Legal Blog
Stall
On occasion we read of, and sometimes experience, a litigant (usually the defendant) or its lawyer or both doing everything in their power to either stall the litigation or to increase the other party’s costs. When we read a decision in which the malefactors get a well-deserved comeuppance, we experience a wave of satisfaction. One such decision is set out in Falcon Lumber Limited v. 2480375 Ontario Inc. (GN Mouldings and Doors) 2020 ONCA 310. Ritchie Linton was counsel for the aggrieved plaintiff.
Action
It started as a simple action: the plaintiff sold building materials to defendant corporation #1 (Corp1), was not paid $131,700, and commenced its action March 31, 2016 against Corp1 and the individual (Owner) who owned and controlled Corp1. One year later, Owner incorporated corporation #2 (Corp2) and one month later, Corp1 granted a security interest to Owner. Five months later, Owner alleged Corp1 had defaulted under the GSA and appointed a private receiver over Corp1’s assets. In just two days, the receiver privately sold to Corp2 all of Corp1’s assets for $147,000. Two years after the March 2016 action, Owner incorporated corporation #3 (Corp3) and, one month later, Corp2 sold to Corp3 for $580,000 all of Corp1’s original assets.
The plaintiff did not know of any of these corporate shenanigans until it obtained limited production in the action. Ultimately, it amended its statement of claim, which had already included Owner and Corp1, to add Corp2 and Corp3. The plaintiff alleged that the 2017 and 2018 transactions were intended to defeat its claim as Corp1’s creditor to Owner’s personal financial benefit.
Tactics
The plaintiff, sought documentary production and discovery of the defendants. They did not appear for the first examination and the plaintiff obtained a consent order for discoveries to take place in October 2016. Not to be outdone, Owner stated that he intended to bring a motion returnable in April 2007 for summary judgment to dismiss the action against him personally.
Owner attended for discovery personally and on behalf of Corp1 in October 2016. He swore an affidavit of documents listing only the plaintiff’s invoices and refused to produce any other documents. Linton adjourned the examination and brought a motion. In July 2017, the defendants were ordered to produce all relevant documents, including those relevant to the issue of unjust enrichment and the request to pierce the corporate veil. The order included a host of financial disclosure.
Owner’s motion for summary judgment had been adjourned to August 2017. Owner was cross-examined in June 2017 and refused to answer many questions or honour his undertakings.
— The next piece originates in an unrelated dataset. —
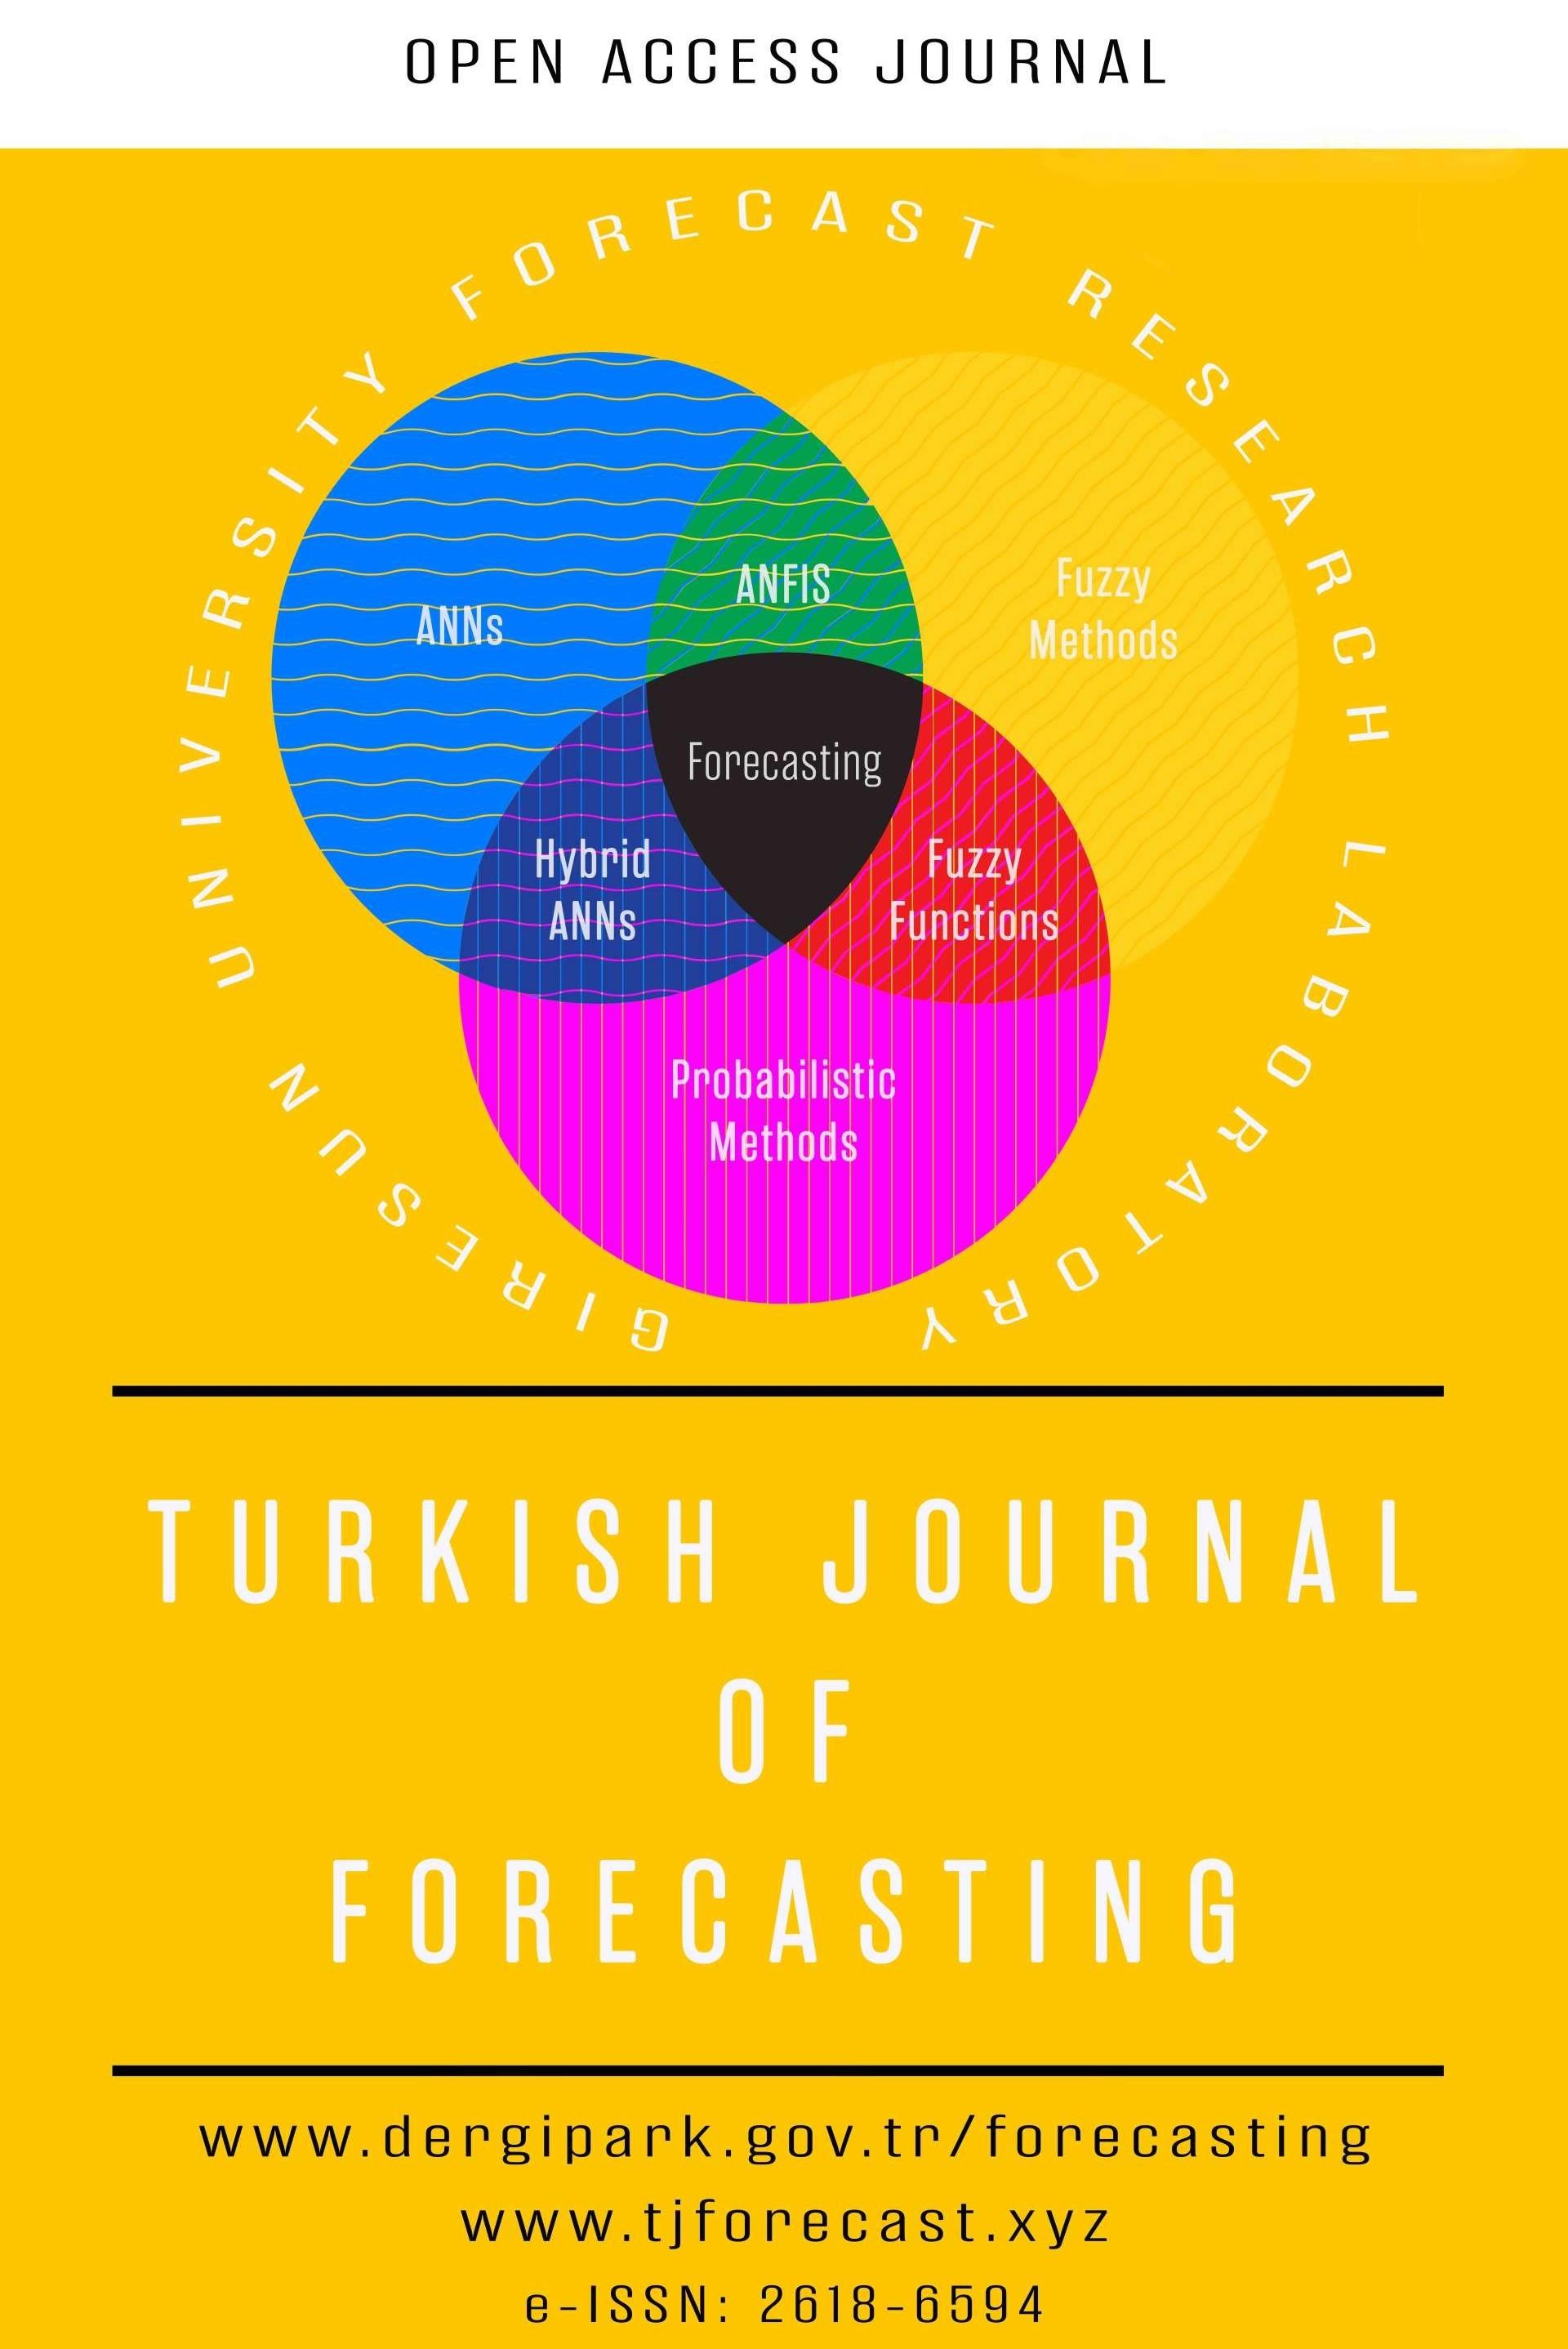 Turkish Journal of Forecasting

The summary judgment motion was adjourned and Linton brought his own motion regarding the undertakings and refusals. The defendants were ordered to answer questions and produce documents by September 2017.
Owner’s examinations continued in March 2018. Owner attended, but did not make full production and, again, Linton adjourned the examinations. The plaintiff brought another motion for production, returnable with the summary judgment motion in May 2018. The motion judge adjourned the summary judgment motion because of the defendants’ non-production and directed Owner’s examination in June 2018. The examination did not take place because the parties could not agree whether Owner’s answers would bind Corp1.
The matter was adjourned to December 2018, at which time the same motion judge, who also dealt with the matter thereafter, directed the completion of productions. By January 2019, at a subsequent case conference, the motion judge made a further order for a better affidavit of documents and examinations to be held in February 2019. Following the case conference, the defendants produced some, but not all, documents. On the examination, the defendants produced more documents. Linton refused to be ambushed with new documents or to conduct an examination in dribs and drabs and adjourned the examination again.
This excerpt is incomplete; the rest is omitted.